Ukrainian refugees observe Passover in Krakow
“I fit my life into a small suitcase.”

KRAKOW, Poland — “This is the third genocide in my family,” Nastya Lasna said. A 31-year-old Ukrainian refugee of Jewish and Armenian heritage, she fled to Krakow from Mykolaiv with her daughter shortly after Russia invaded Ukraine. Lasna quickly became a fixture at the local Jewish Community Center, where she recently helped lead a Passover Seder for about 40 other Ukrainian refugees.
The parallelism was striking: They were revisiting the story of the flight of the Jewish people, while living as refugees in a foreign land.
Krakow was a thriving center of Jewish life and culture for centuries. During the Nazi occupation in World War II, the city’s Jewish population was almost entirely wiped out.
Since the Russian invasion of Ukraine on Feb. 24, more than 150,000 refugees have come to the city. The community center’s small building has been transformed into an aid facility for the new arrivals, providing accommodation for 288 people, including 45 Jews — many of whom attended the Seder with Lasna on Friday.
Lasna was reunited with her mother and father, Viktoria and Victor, on the eve of Passover after they managed to leave Mykolaiv, the southern port city, on Thursday.
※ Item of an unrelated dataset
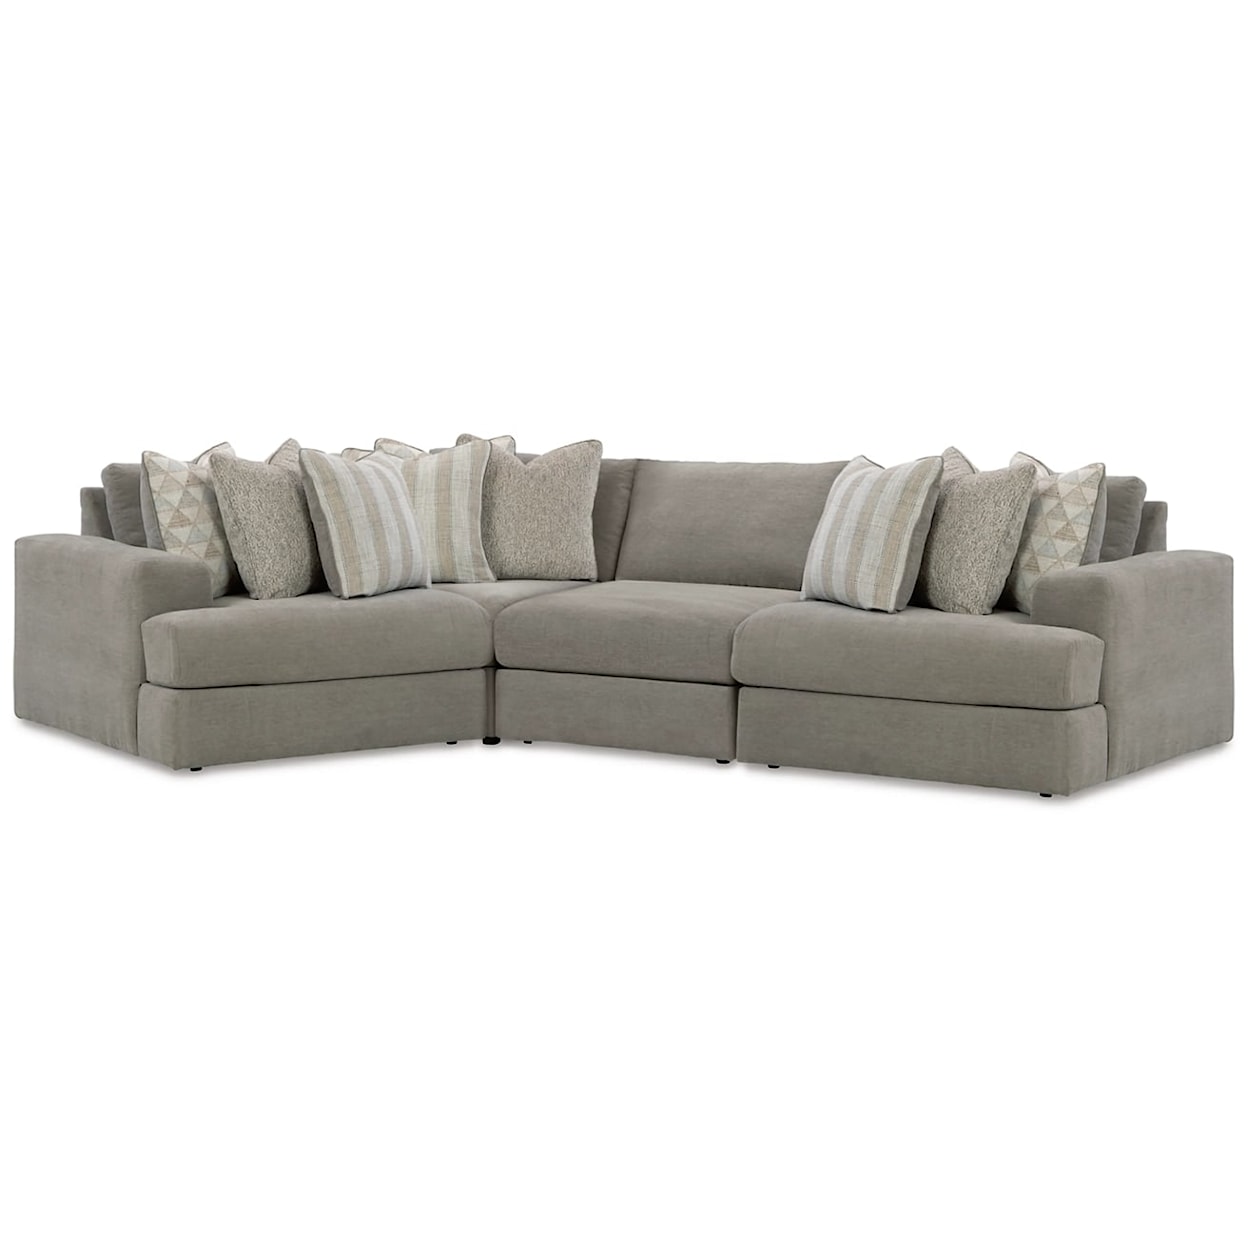 Benchcraft Avaliyah 4-Piece Sectional

“I was watching them play Russian roulette with my house,” said Viktoria Lasna, who lived in Mykolaiv her whole life. “I finally said, ‘I will not give in to this game.’ ’’
They fled the next day.
From Krakow, they saw the news Friday that a bomb had exploded on a street corner near their building; it killed five people and wounded 15. “It could have been me walking with my granddaughter,” Viktoria Lasna said between sobs.
Amid the horror, the overwhelming symbolism of the Passover holiday was not lost on her. She offered a phrase from a song in Hebrew, which she learned as a child: “All the world is a narrow bridge, and the most important thing is to not be afraid.”
In the Passover story, the Jewish people flee Egypt with almost no notice. Tatiana Bolldanova, 68, escaped her home in Darnytskyi, on the outskirts of Kyiv, the Ukrainian capital, after a missile hit nearby.
“We left within several hours,” she said. “I fit my life into a small suitcase.”
Ukraine and Poland share tragic Holocaust histories. During World War II, the Nazis killed 3 million Polish Jews; in Ukraine, 1 million. Mobile death squads in Ukraine, which were called Einsatzgruppen, slaughtered Jews as they moved from village to village. Many of those killed were buried in mass graves.
For some, leaving Ukraine for Krakow was like stepping from one Jewish grave site to the next.
“It is in our blood to flee,” Jacob Tamarkin said between tears. Tamarkin, born just after the end of World War II, said he had recently restored a memorial plaque at a Jewish cemetery in his village, Vasilkov, about 20 miles outside of Kyiv. His father had helped build the cemetery in the 1950s to rebury the Jews who had been killed in the town.
Seeing fresh graves being dug around the outskirts of Kyiv was like watching history repeat itself, he said.